Mr. Shakespeare might have said: To discount or not to discount. That is the question.
Given that binary choice, I’m a huge fan of discounting because it’s an easy way to implement price segmentation. Not everyone has the same willingness to pay, and price segmentation attempts to charge higher prices to people who are willing to pay more while still winning those with a lower willingness to pay.

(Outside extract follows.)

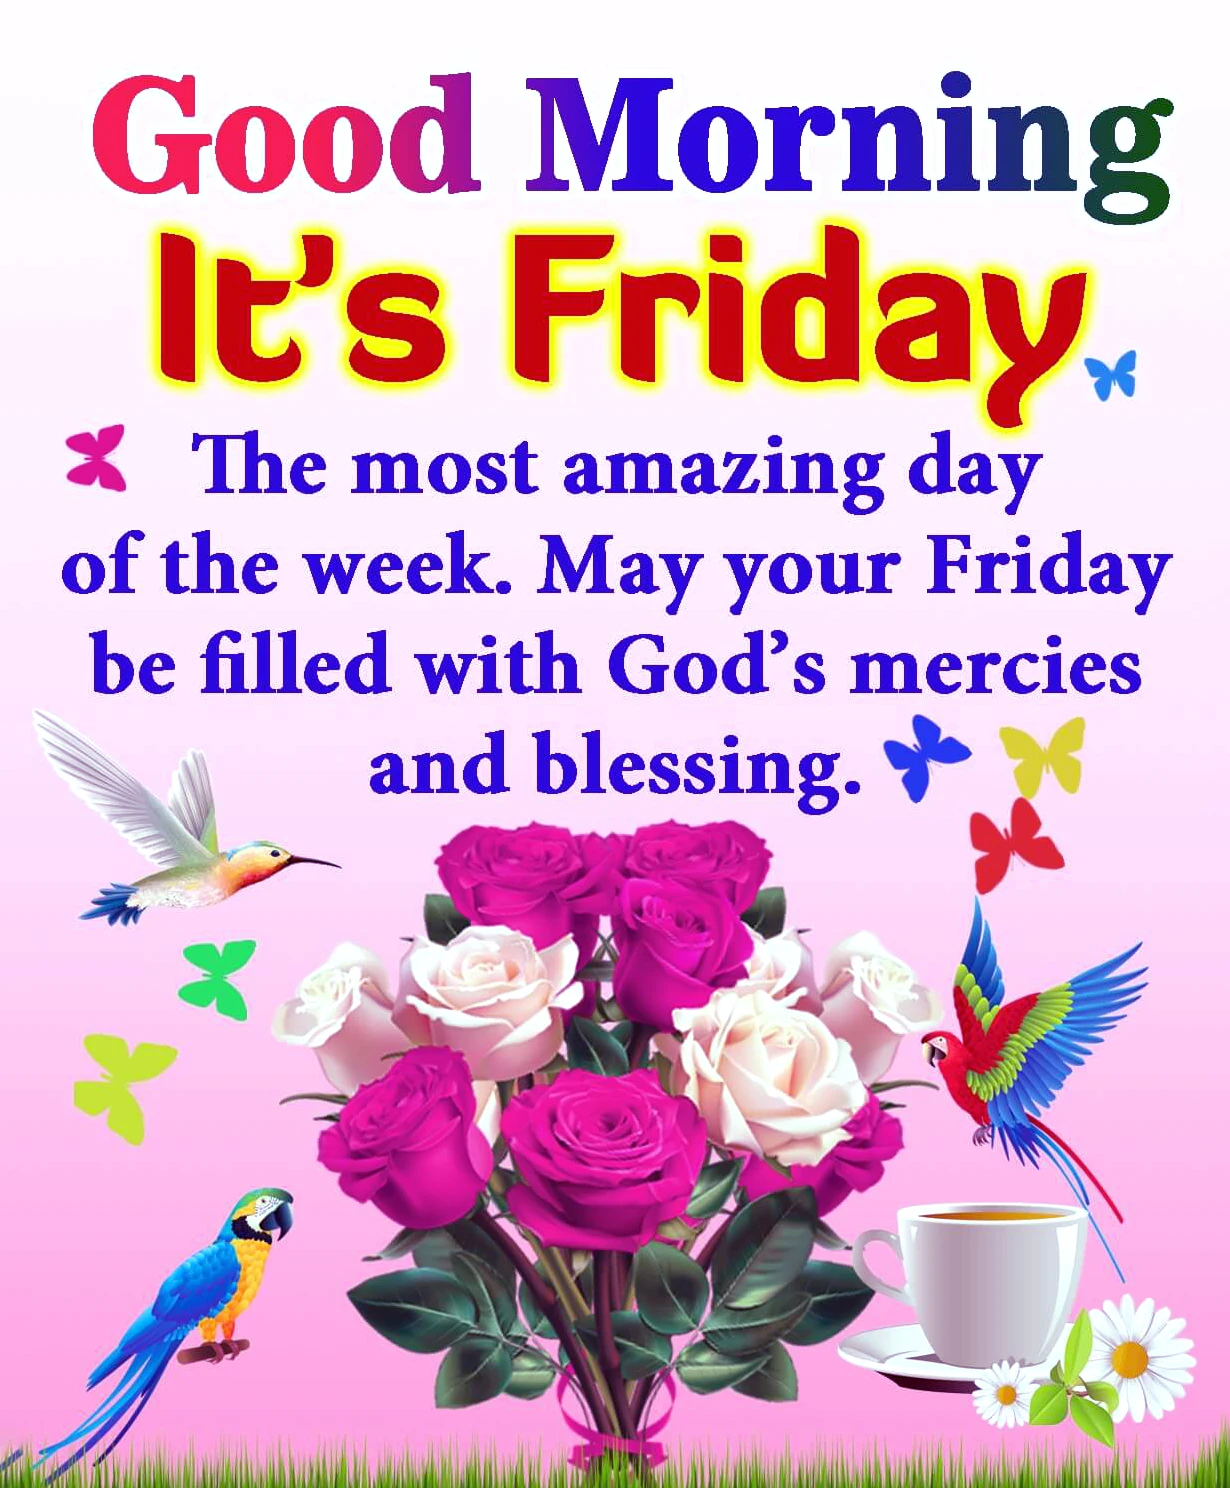 Good morning. Its Friday. _ the most amazing day of the week may your Friday be filled with Gods marcies and blessing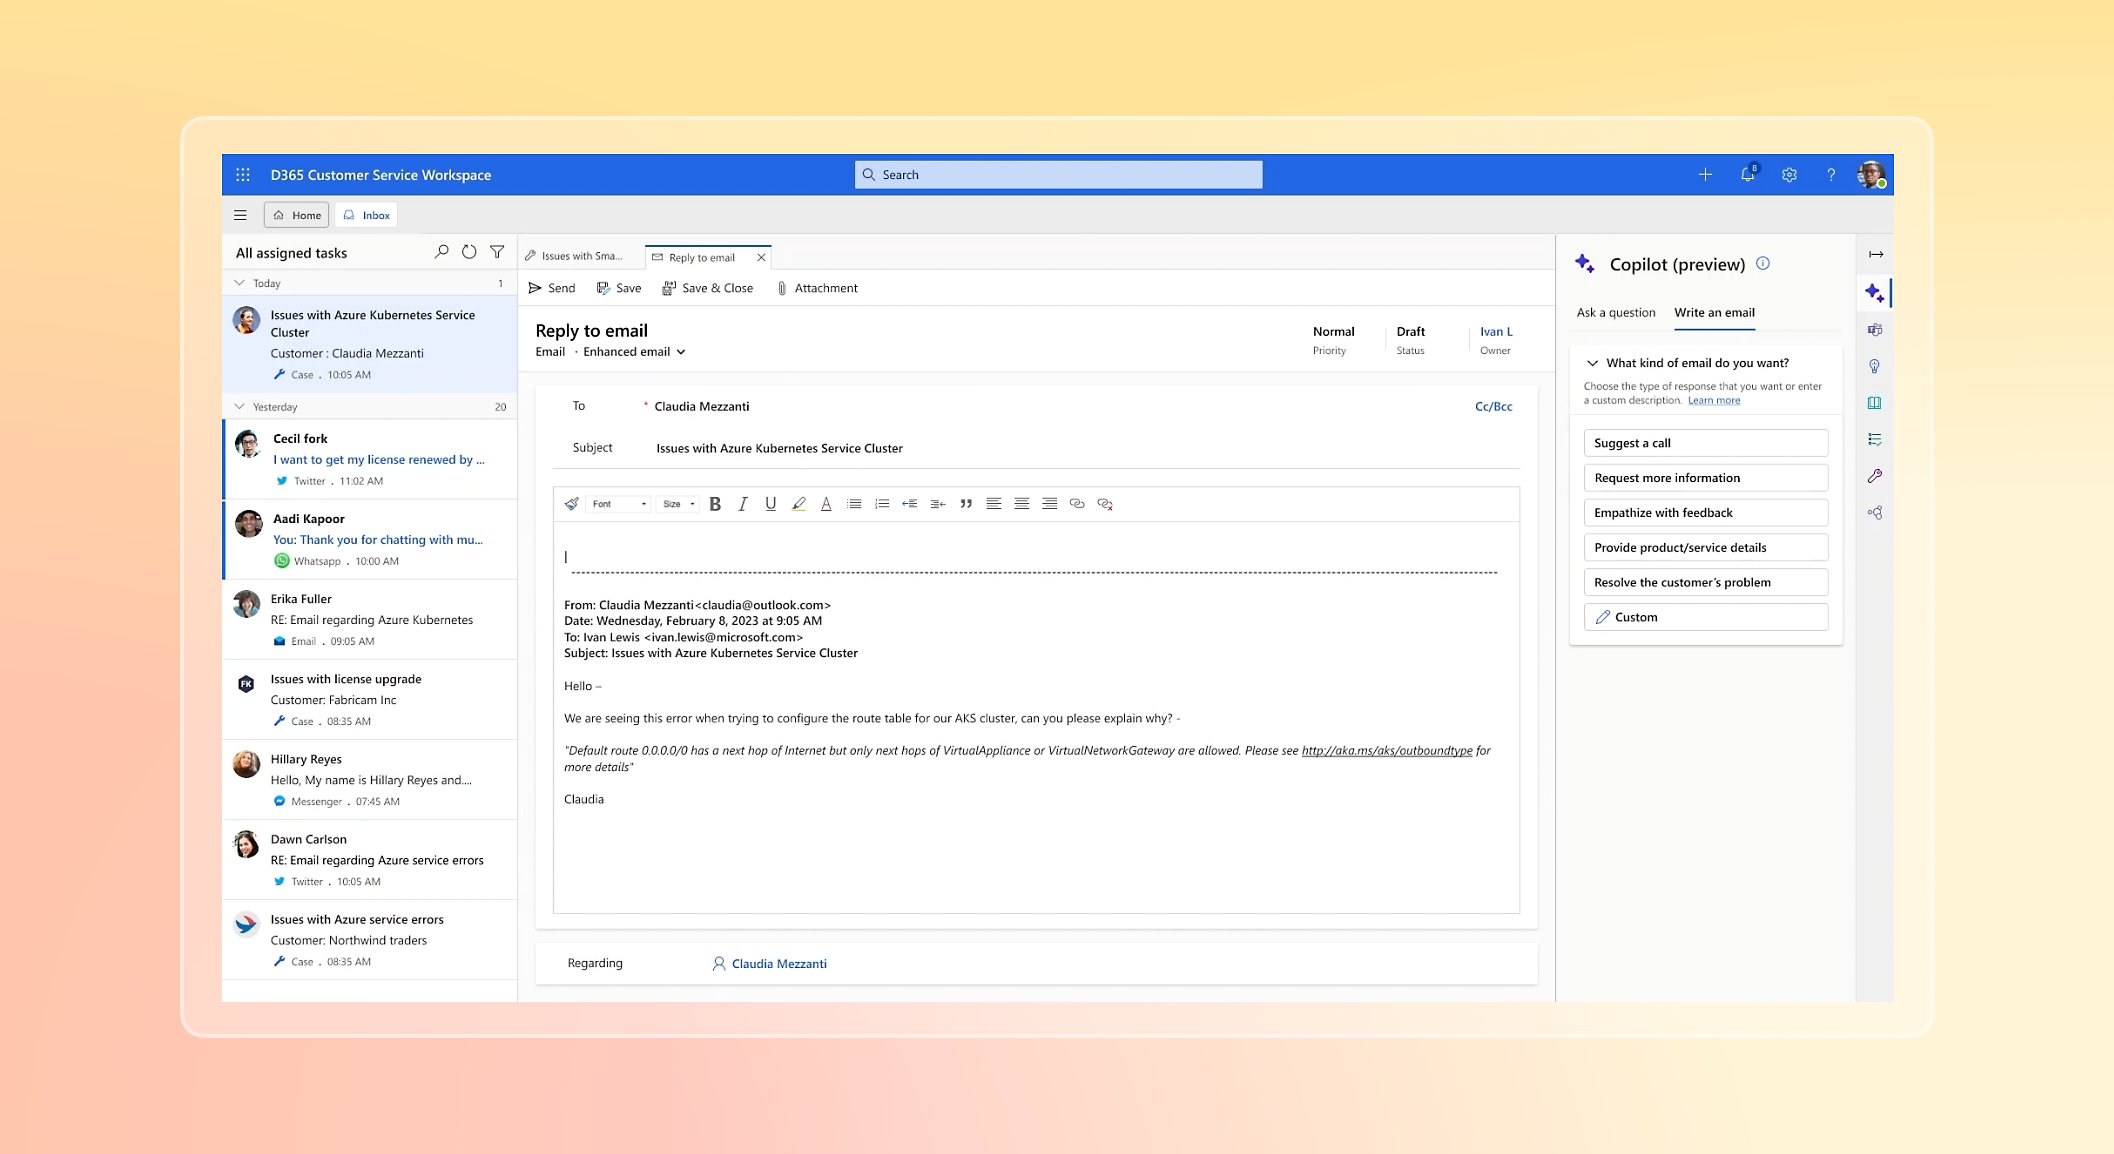 Window for dynamics 365 showing an email with copilot preview to the right side

HOWEVER, discounting is almost always overused. The problem arises when giving discount authority to salespeople. A good salesperson uses all available persuasive techniques to close a deal. Discounting is an easy lever to pull, and every buyer wants a lower price, so discounts are too readily given. There is no doubt that most discounting policies leads to lower selling prices and lost profits.
Pricing professionals who argue against discounts suggest implementing price segmentation in other ways. For example, there may be separate price lists for Asia, Europe, and North America. Or there may be a price list for the medical industry different from the one for consumer goods. These techniques are effective, but they still miss many differences in willingness to pay.
The best answer is a balancing act. Create a discounting policy, but temper the use of it with a sales compensation plan that incentivizes winning at higher prices. Thus, the powerful discounting lever is available but will be used less often. It’s not easy to find the balance, but it’s worth it.
How does your company implement discounting?